Пеллико С. Мои темницы. Штильгебауер Э. Пурпур. Ситон-Мерримен Г. В бархатных когтях - страница 51
— Приятной прогулки! — говорили мне все из своих окошек в дверях, но мне не позволялось останавливаться, чтобы поздороваться с кем-нибудь.
Мы спускались по лестнице, проходили широкий двор и выходили на площадку, выходившую на юг, с которой виднелся город Брюнн и открывался обширный вид на окружающие деревни.
В вышеупомянутом дворе было всегда много простых арестантов, которые приходили или уходили на работы или группами прогуливались, беседуя между собою. Между ними было много итальянских воров, которые раскланивались со мною с большим уважением и говорили между собою:
— Не мошенник, как мы, однако его заключение суровее нашего.
В самом деле, у них было больше свободы, чем у меня.
Я слышал и эти, и другие слова и, в свою очередь, раскланивался радушно. Один из этих арестантов раз сказал мне:
— Ваше здоровье, синьор, радует меня. Вы, быть может, видите на моей физиономии нечто такое, что непохоже на злодея. Несчастная страсть подтолкнула меня совершить преступление, но, синьор, нет, я не злодей.
И он залился слезами. Я протянул ему руку, но он не мог мне ее пожать. Мои конвойные, не по злобе, но по имевшимся у них инструкциям, оттолкнули его. Они не должны были мне позволять подходить к кому бы то ни было. Разговаривая со мною, арестанты, большею частью, делали вид, что они говорят между собою, и если мои два солдата замечали, что эти слова обращались ко мне, они приказывали замолчать.
Также по этому двору проходили люди разного звания, посторонние в крепости, приходившие посетить супер-интенданта или капеллана, или сержанта, или кого-нибудь из капралов.
— Вот один из итальянцев, — говорили они вполголоса и останавливались посмотреть на меня, и несколько раз я слышал, как они говорили по-немецки, думая, что я не понимаю их, — недолго проживет этот бедный синьор: у него написана смерть на лице.
В самом деле, после того, как я сначала поправился, я изнемогал от скудости пищи, и часто начиналась у меня вновь лихорадка.

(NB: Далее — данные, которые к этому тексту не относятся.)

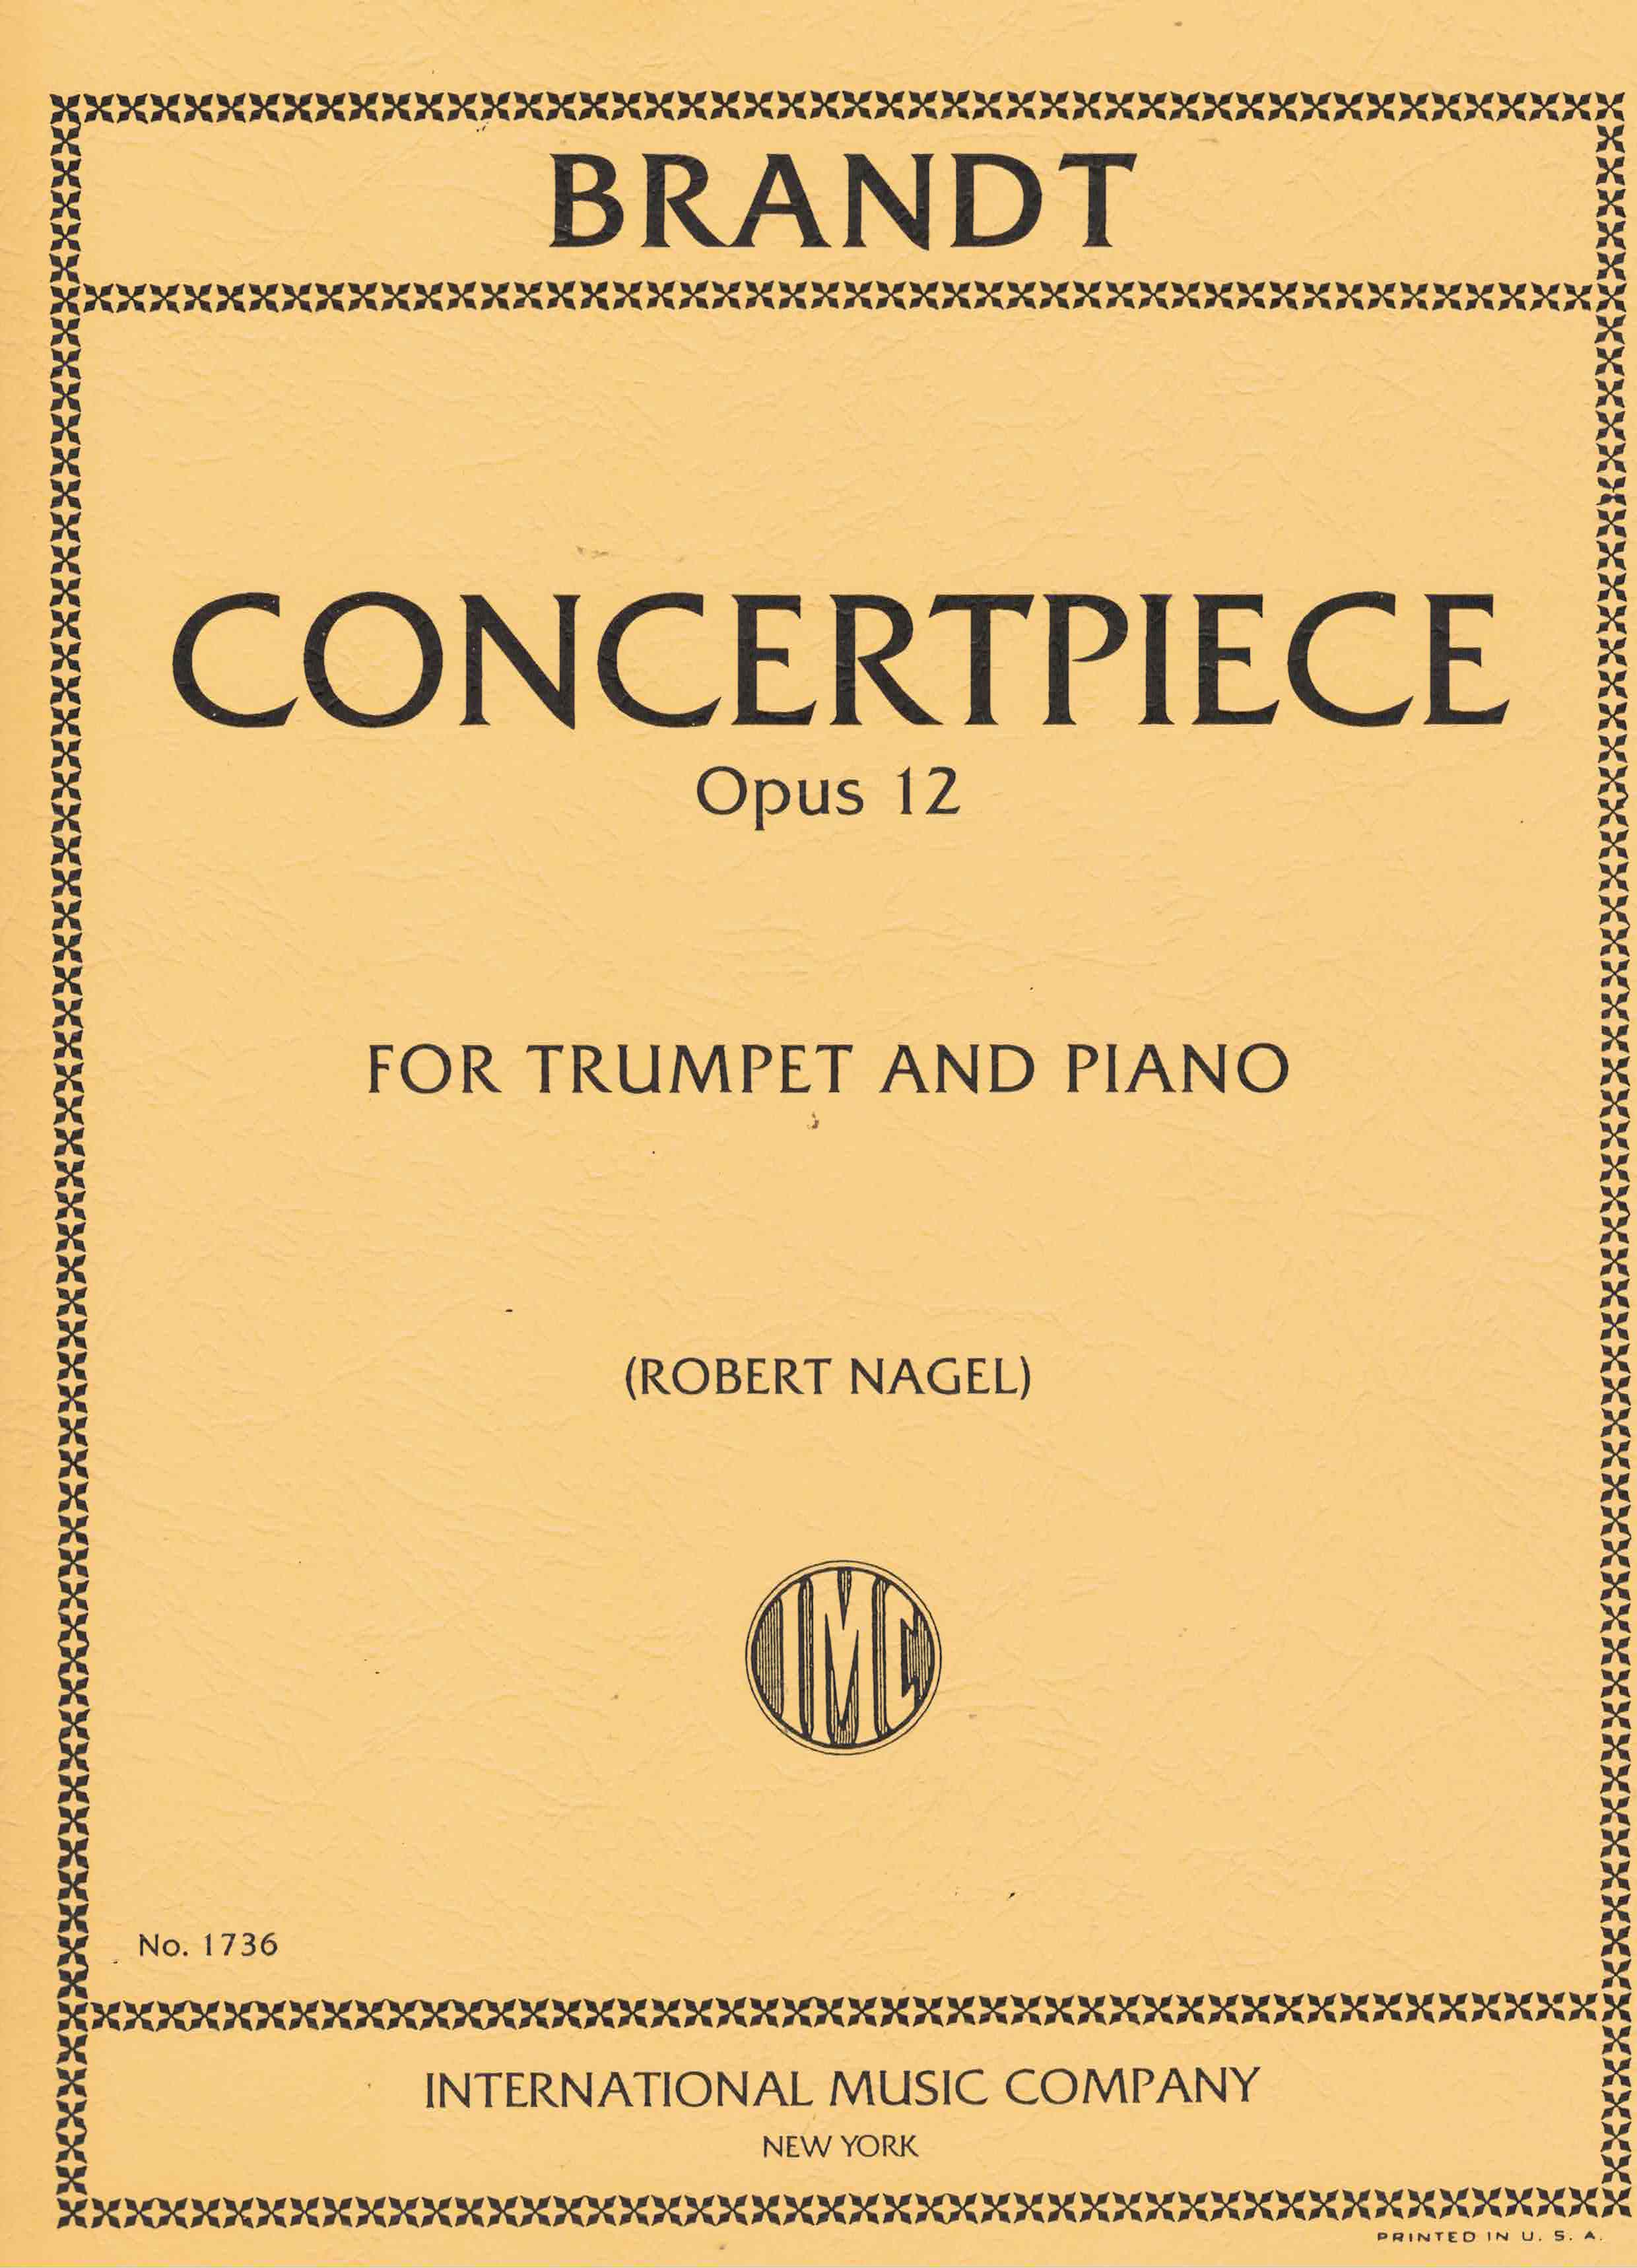 Concert Piece op.12, Brandt, Trp Klav
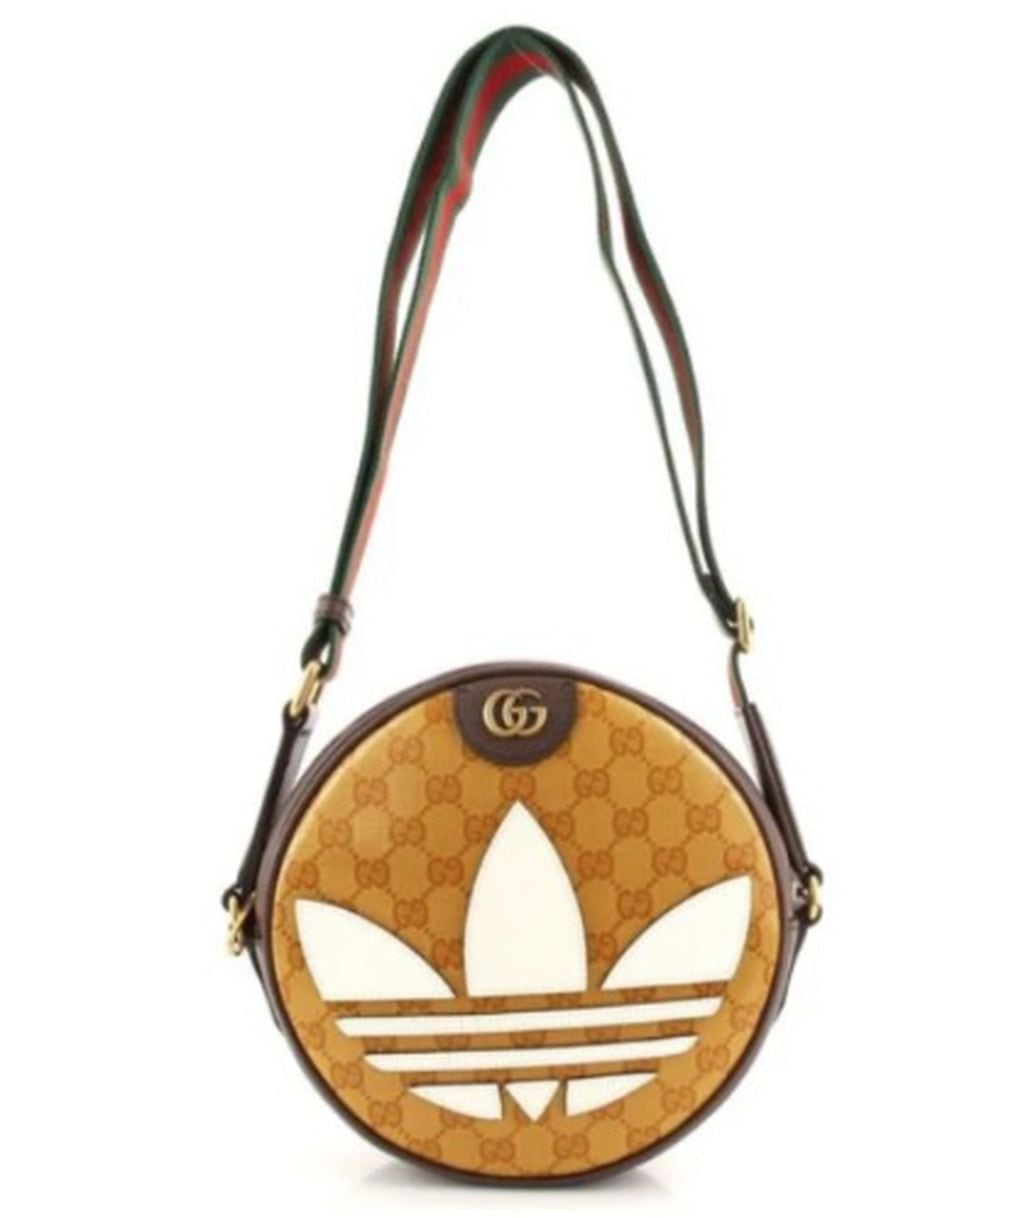 La bandolera Gucci by Adidas cuesta 2.700 dólares.
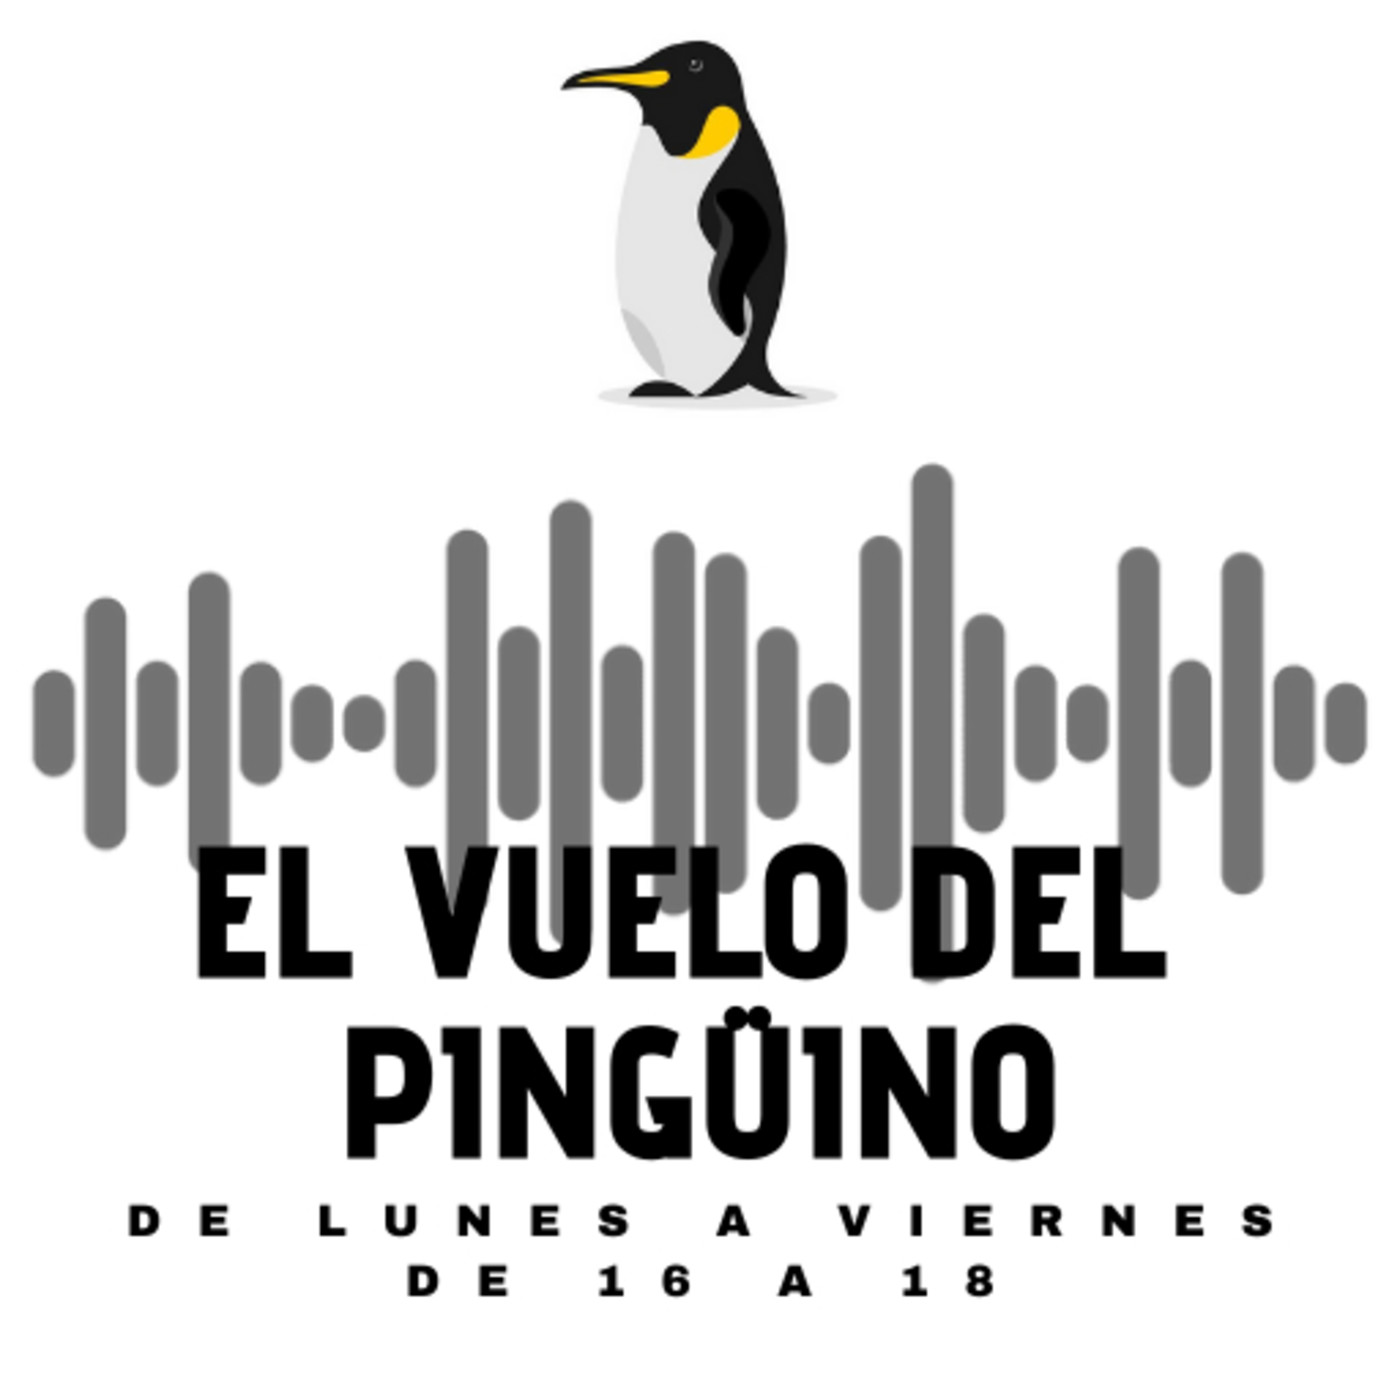 El vuelo del Pingüino - Jueves - Actualidad, humor, cultura y música - 04-03-2021

С трудом я тащил свою цепь до места прогулки и там бросался на траву и так проводил обыкновенно все время, пока не кончится мой час.
Конвойные стояли или садились около меня, и мы начинали разговаривать. Один из них, по имени Краль, богемец, хотя и из крестьян, и бедный, получил некоторое воспитание и совершенствовал его, сколько мог, размышлениями о явлениях в мире и чтением всех книг, какие только попадались в его руки. Он был знаком и с Клопштоком, и с Виландом, и с Гете, и с Шиллером, и со многими другими хорошими немецкими писателями. Он знал на память бесконечное число отрывков из их произведений и рассказывал их осмысленно и с чувством. Другой конвойный был поляк, Кубицкий, неграмотный, но обходительный и добрый. Я дорожил ими обоими.
LXVI
На одном конце этой площадки находилась квартира супер-интенданта, на другом конце помещался капрал с женой и маленьким сыном. Когда я видел, что кто-нибудь выходил из этих жилищ, я вставал и подходил к тому или к тем, кто там появлялся, и был осыпаем изъявлениями любезности и доброжелательности.
Жена супер-интенданта с давнего времени была больна и медленно угасала. Иногда выносили ее на канапе на открытый воздух. Трудно описать, как она растрогалась, выражая мне сострадание, которое она испытывала ко всем нам. Ее взоры были чрезвычайно кротки и застенчивы, но как они ни были застенчивы, она иногда устремляла их с вопрошающей доверчивостью на взоры того, кто разговаривал с нею.
Я однажды сказал ей, смеясь:
— Знаете, синьора, вы несколько походите на одну особу, которая была мне дорога!
Она покраснела и отвечала с серьезной и милой простотой:
— Не забывайте же обо мне, когда я умру, молитесь о моей бедной душе и о малютках, которых я покидаю на земле.
С этого дня она не могла уже больше вставать с постели, и я не видал ее более. Потомилась еще несколько месяцев, потом умерла.
У нее было трое детей, хорошеньких, как амурчики, и один еще грудной. Несчастная обнимала их часто в моем присутствии и говорила:
— Кто знает, какая женщина сделается их матерью после меня! Но кто бы ни была она, да даст ей Господь сердце матери и для нерожденных ею детей! — и она плакала.